Entenda o caso
A empresa Viveiro Klippel Ltda. entrou com um pedido de reconsideração após o TCE-RO decidir não dar continuidade a um Procedimento Apuratório Preliminar (PAP), que investigaria possíveis irregularidades em um processo administrativo da prefeitura.
A decisão inicial foi pelo arquivamento do caso, pois a denúncia não atingiu os critérios mínimos de relevância exigidos pelo Tribunal, especialmente nos indicadores técnicos de seletividade.

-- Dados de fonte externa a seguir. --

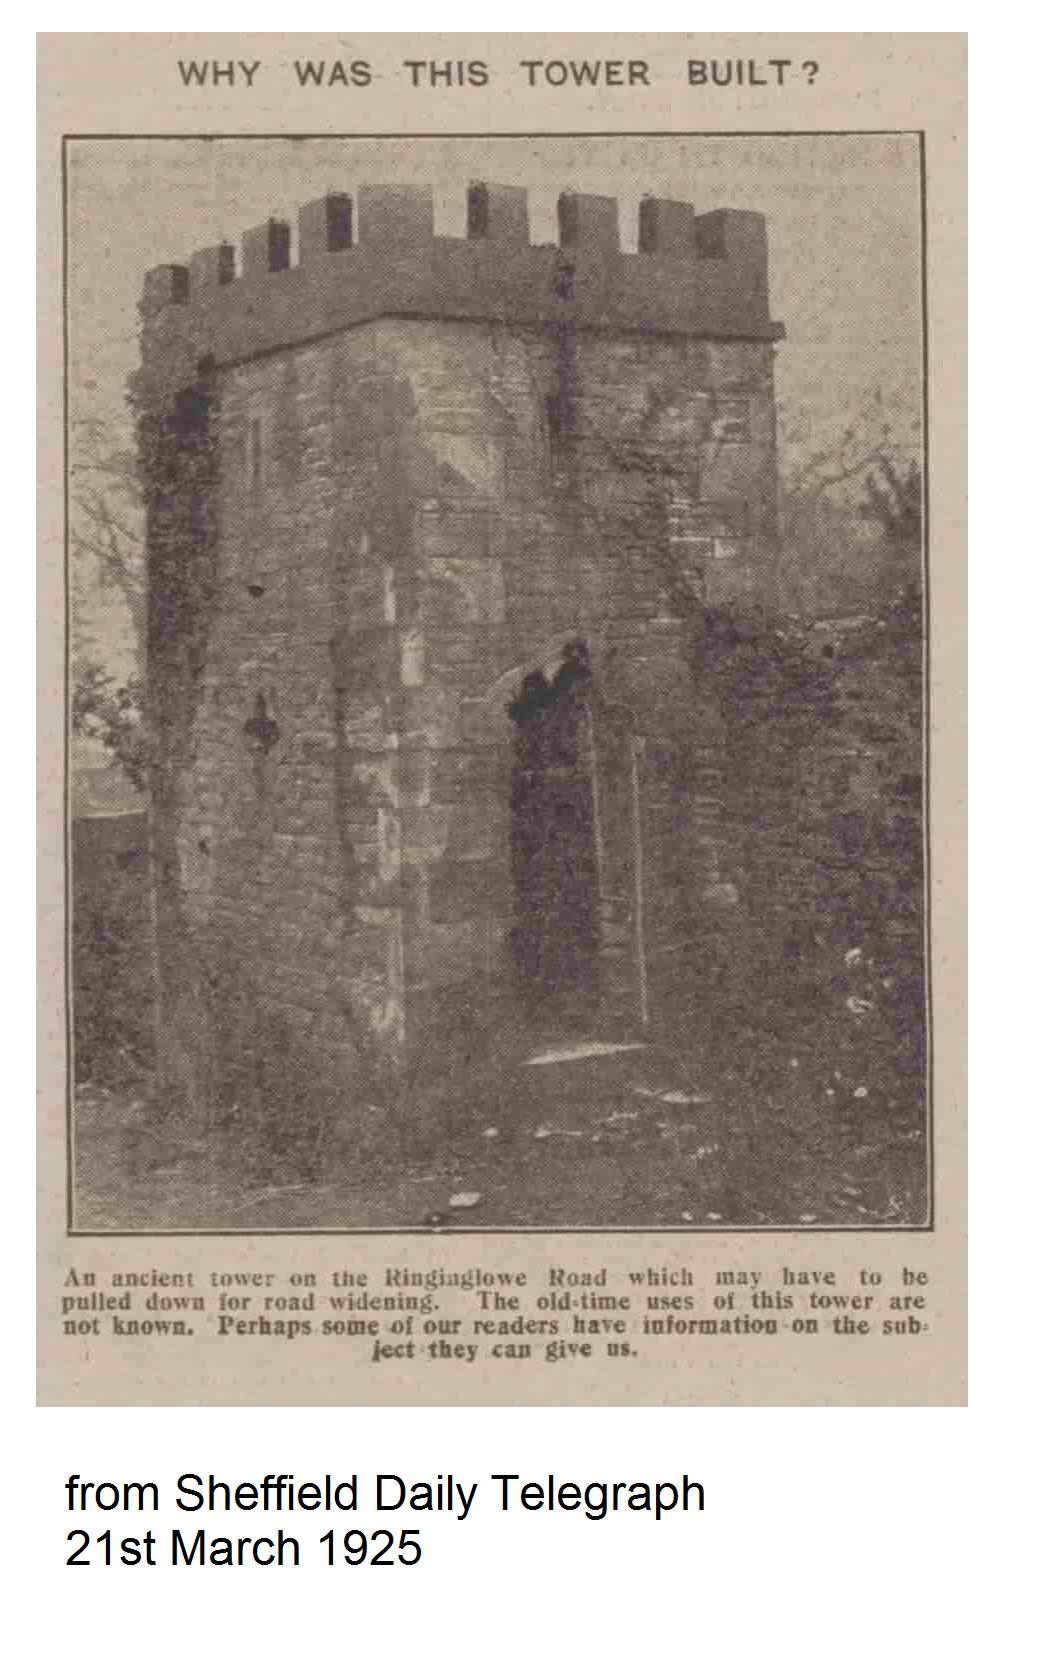 Ringinglow Tower

Por que o recurso foi rejeitado?
De acordo com o relator, o conselheiro José Euler Potyguara Pereira de Mello, não existe previsão legal para recorrer de decisões tomadas dentro de um PAP.
✔️ Isso acontece porque o PAP é apenas uma fase inicial de triagem, usada para avaliar se uma denúncia tem peso suficiente para virar uma investigação formal.
Ou seja:
Não se trata ainda de um processo completo, mas sim de uma análise preliminar — e, por isso, não cabe recurso nesse momento.
O que acontece agora?
Apesar de negar o pedido como recurso, o TCE-RO adotou uma postura mais flexível:
✔️ A manifestação da empresa será analisada como direito de petição, previsto na Constituição Federal.
✔️ Isso permite que os argumentos sejam reavaliados, mesmo sem caráter recursal.
✔️ O caso seguirá para análise do Ministério Público de Contas antes de uma decisão final.
Quais foram as reclamações da empresa?
A empresa apontou possíveis irregularidades em um processo licitatório, como:
- Encerramento antecipado do prazo para envio de propostas
- Inabilitação considerada indevida
- Questionamentos sobre a capacidade técnica da empresa vencedora
Impacto e próximos passos
A decisão reforça um ponto importante:
- O TCE-RO utiliza critérios técnicos rigorosos para selecionar quais denúncias serão investigadas.
- Nem toda denúncia gera automaticamente uma fiscalização formal.
Conclusão (SEO destaque)
TCE-RO mantém arquivamento de apuração preliminar, mas reabre análise por meio de direito de petição, garantindo equilíbrio entre rigor técnico e direito de manifestação.